# MS Word: Unterschiedliche Seitenfarben in Abschnitten möglich?



## Tengri (21. März 2008)

*MS Word: Unterschiedliche Seitenfarben in Abschnitten möglich?*

Hallo zusammen,
ich sitze gerade vor MS Word 2007 und habe ein Problem: ich möchte gerne, dass die 1. Seite (quasi als Deckblatt) eine andere Farbe hat, wie die darauf folgenden. Wenn ich jetzt aber nach dem Deckblatt einen Abschnittswechsel/Seitenwechsel einfüge und versuche die Seitenfarbe zu ändern, dann wird auf allen Seiten die Farbe geändert. Lässt sich das irgendwie umgehen? Vielen Dank für die Hilfe!


----------



## Mothman (21. März 2008)

*AW: MS Word: Unterschiedliche Seitenfarben in Abschnitten möglich?*



			
				Tengri am 21.03.2008 11:42 schrieb:
			
		

> Hallo zusammen,
> ich sitze gerade vor MS Word 2007 und habe ein Problem: ich möchte gerne, dass die 1. Seite (quasi als Deckblatt) eine andere Farbe hat, wie die darauf folgenden. Wenn ich jetzt aber nach dem Deckblatt einen Abschnittswechsel/Seitenwechsel einfüge und versuche die Seitenfarbe zu ändern, dann wird auf allen Seiten die Farbe geändert. Lässt sich das irgendwie umgehen? Vielen Dank für die Hilfe!
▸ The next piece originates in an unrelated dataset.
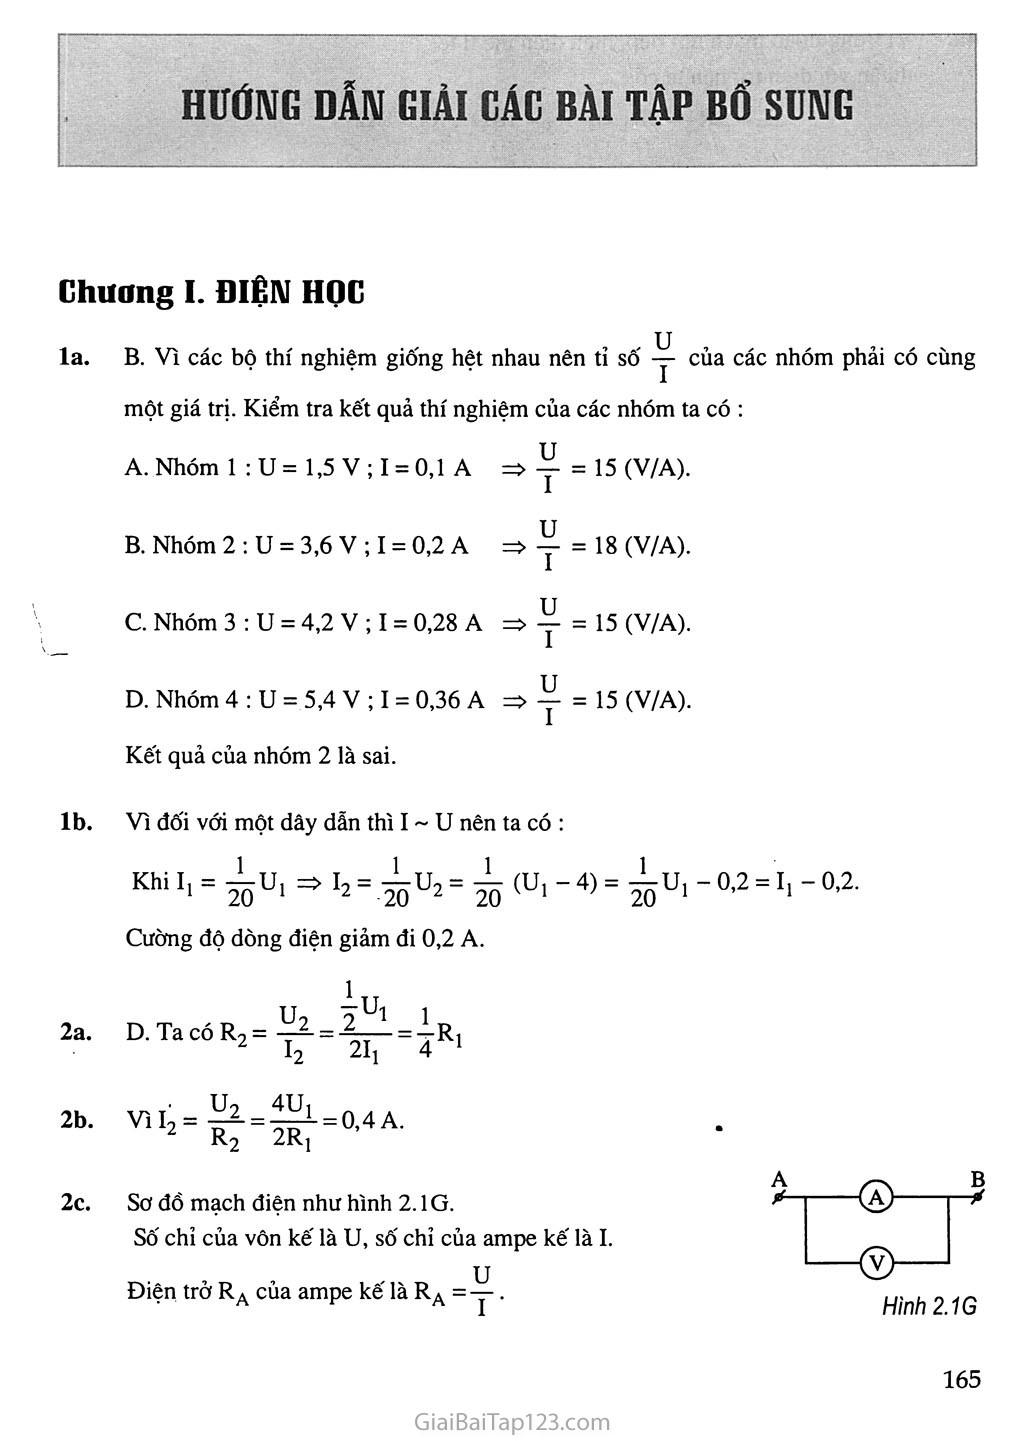 Hướng dẫn giải các bài tập bổ sung trang 1
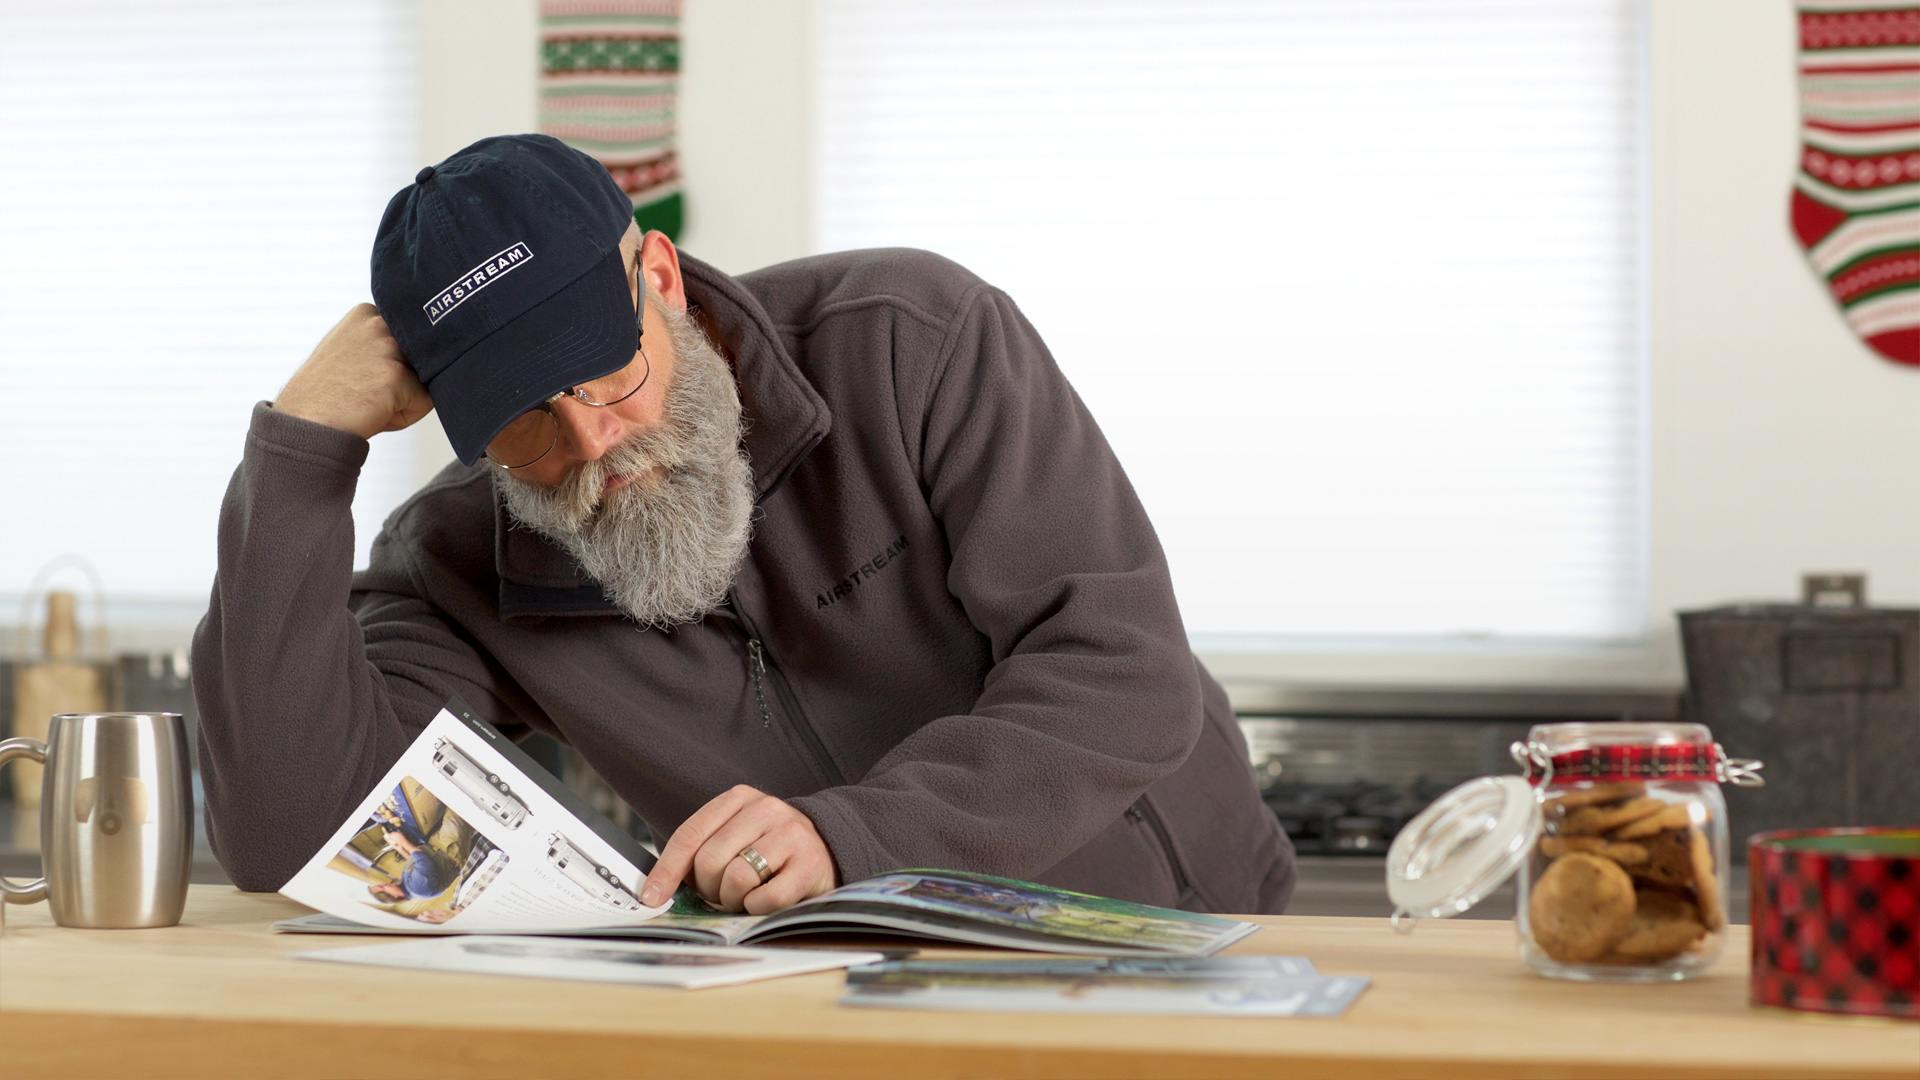 Santa Looking at an Airstream Brochure

Also imao geht  inneerhalb eine Word-Dokuments auch nur eine einheitliche Hintergrundfarbe. 
Was du aber machen könntest, sofern du das Dokument ausdrucken willst (ansonsten macht das natürlich keinen Sinn):

Du erstellst dein Deckblatt in einem neuen Dokument -passt dort den Hintergrund nach deinen Vorstellungen an - und druckst das Deckblatt dann separat aus. Das brauchst du dann nur noch auf den Stapel mit den anderen Ausdrucken legen.

Gruß


----------



## Herbboy (21. März 2008)

*AW: MS Word: Unterschiedliche Seitenfarben in Abschnitten möglich?*



			
				Mothman am 21.03.2008 14:06 schrieb:
			
		

> Du erstellst dein Deckblatt in einem neuen Dokument -passt dort den Hintergrund nach deinen Vorstellungen an - und druckst das Deckblatt dann separat aus. Das brauchst du dann nur noch auf den Stapel mit den anderen Ausdrucken legen.
> 
> Gruß


oder du kaufst in einem schreibwarenladen ein blatt papier in der gewünschten hintergrundfarbe    (klappt aber nur, wenn das zu druckende schwarz ist)


----------



## Tengri (21. März 2008)

*AW: MS Word: Unterschiedliche Seitenfarben in Abschnitten möglich?*



			
				Herbboy am 21.03.2008 14:08 schrieb:
			
		

> Mothman am 21.03.2008 14:06 schrieb:
> 
> 
> 
> ...


Vielen Dank, dann brauche ich wenigstens nicht weiter suchen. Finde es zwar ziemlich schwachsinnig, aber dann muss man es eben über Umwege (z.B. Textfeld oder getrennte Dateien machen). Danke nochmal, ihr habt mir weitere Stunden sinnlosen Suchens erspart


----------